Don't really know where this post should go so decided that it would be here !!

Wild camped last weekend on the B6270, Kirkby Stephen - Richmond and a little West of Keld we chose a lovely place to spend the night, it even had its own running water.

The GPS co-ordinates are 54 degrees 25'38.19N and 2 degrees 16'41.15W.
Viewed on Google the site was obviously photographed in winter.

I hope this is of some use to anyone touring that area. The Wharfedale area was just beautiful although for a first trip out in the new/old van the roads could have been a little wider in places, all good experience though 8O 

Norman.


----------



## Tucano (Jun 9, 2006)

bump


----------



## johnthompson (Jul 29, 2010)

Just been along the A685 Tebay to Kirby Stephen this morning. It was Appleby horse fair last week and there were plenty of places along the roadside where the grass has been eaten away by horses. As far as I am concerned that is OK 

However at most of these places there were piles of full bin bags abandoned and we even saw two discarded gas bottles right on the edge of the road. There is excuse for this behaviour as most of these people have houses to return to or are on "Traveller Sites" where there are disposal facilities.

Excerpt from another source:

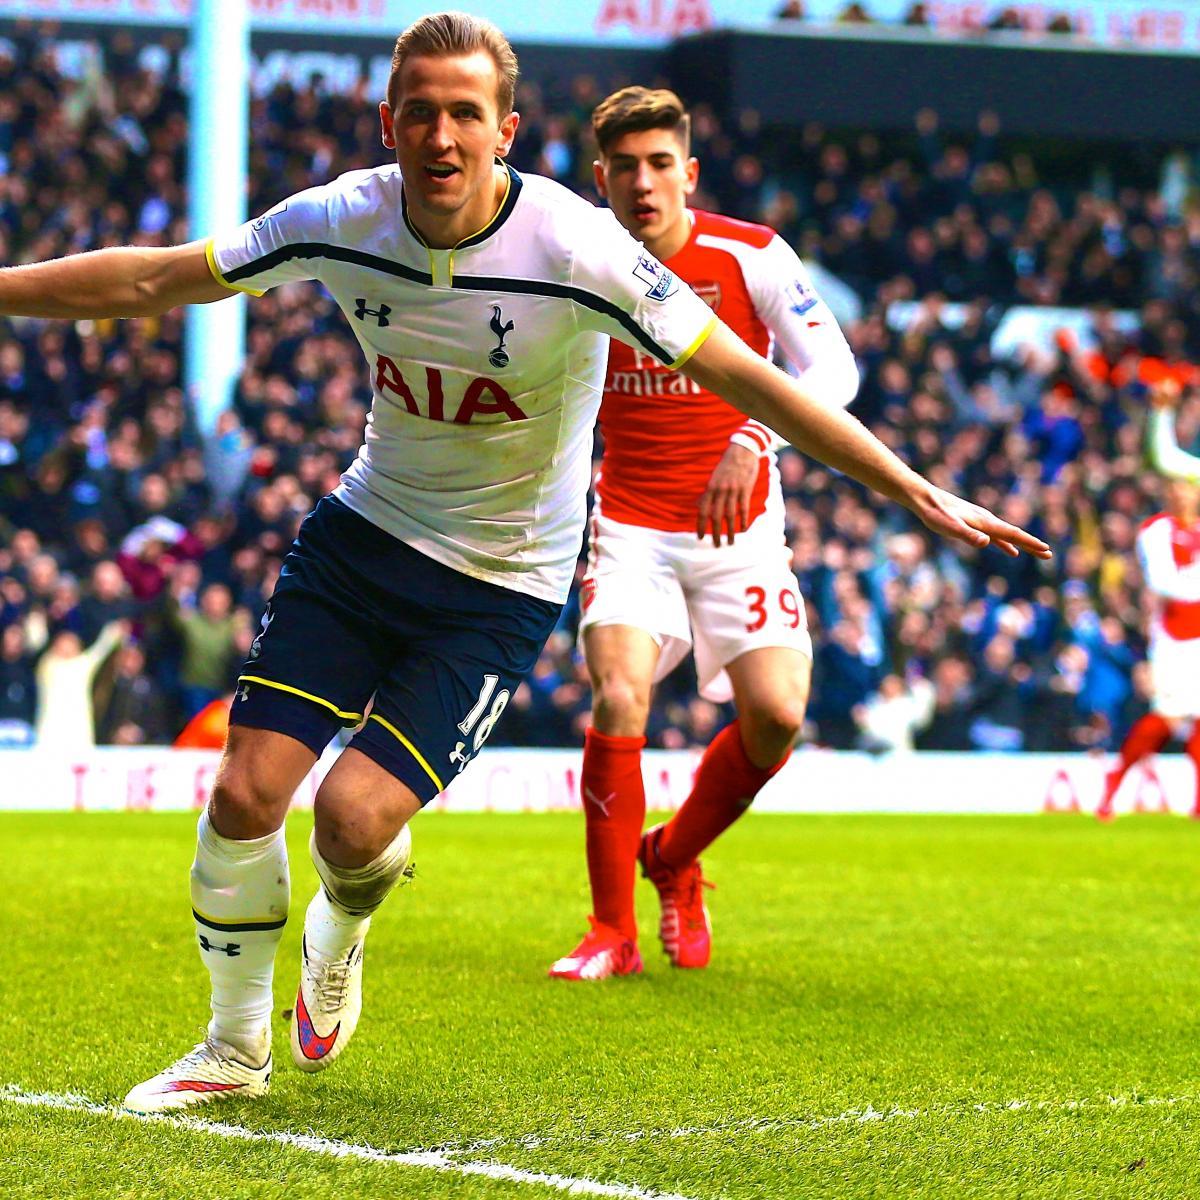 Arsenal Vs Tottenham Live Score Highlights From Premier: Tottenham Vs. Arsenal: Score, Grades, Reaction From North

These so called "travellers" make life difficult for the rest of us to find a place to overnight during the rest of the year because of their behaviour.


----------



## babyrhino (Oct 19, 2006)

Pandora's Box.

Find a nice place and keep it to yourself otherwise it will be ruined forever and local opinion will turn sour.

Just a thought.

Brian


----------



## 747 (Oct 2, 2009)

babyrhino said:


> Pandora's Box.
> 
> Find a nice place and keep it to yourself otherwise it will be ruined forever and local opinion will turn sour.
> 
> ...


I have nearly 3,000 places as POI's on my satnav because people shared.

Thanks Tucano, if you need any help for a particular area, give me a shout.


----------



## aldra (Jul 2, 2009)

I expect the horse fair provides welcome revenue to the area as it is a firmly fixed tradition

Now I don't condone the leaving of rubbish but is it also tradition that the local council collects it?

hence leaving at the side of the road?
Just a thought
Aldra


----------



## johnthompson (Jul 29, 2010)

aldra said:


> I expect the horse fair provides welcome revenue to the area as it is a firmly fixed tradition
> 
> Now I don't condone the leaving of rubbish but is it also tradition that the local council collects it?
> 
> ...


In and around Appleby the authorites do provide facilities. I am talking about litter on roads miles away from the event. There is no excuse for dumping a gas cylinder just because it is empty at any time.


----------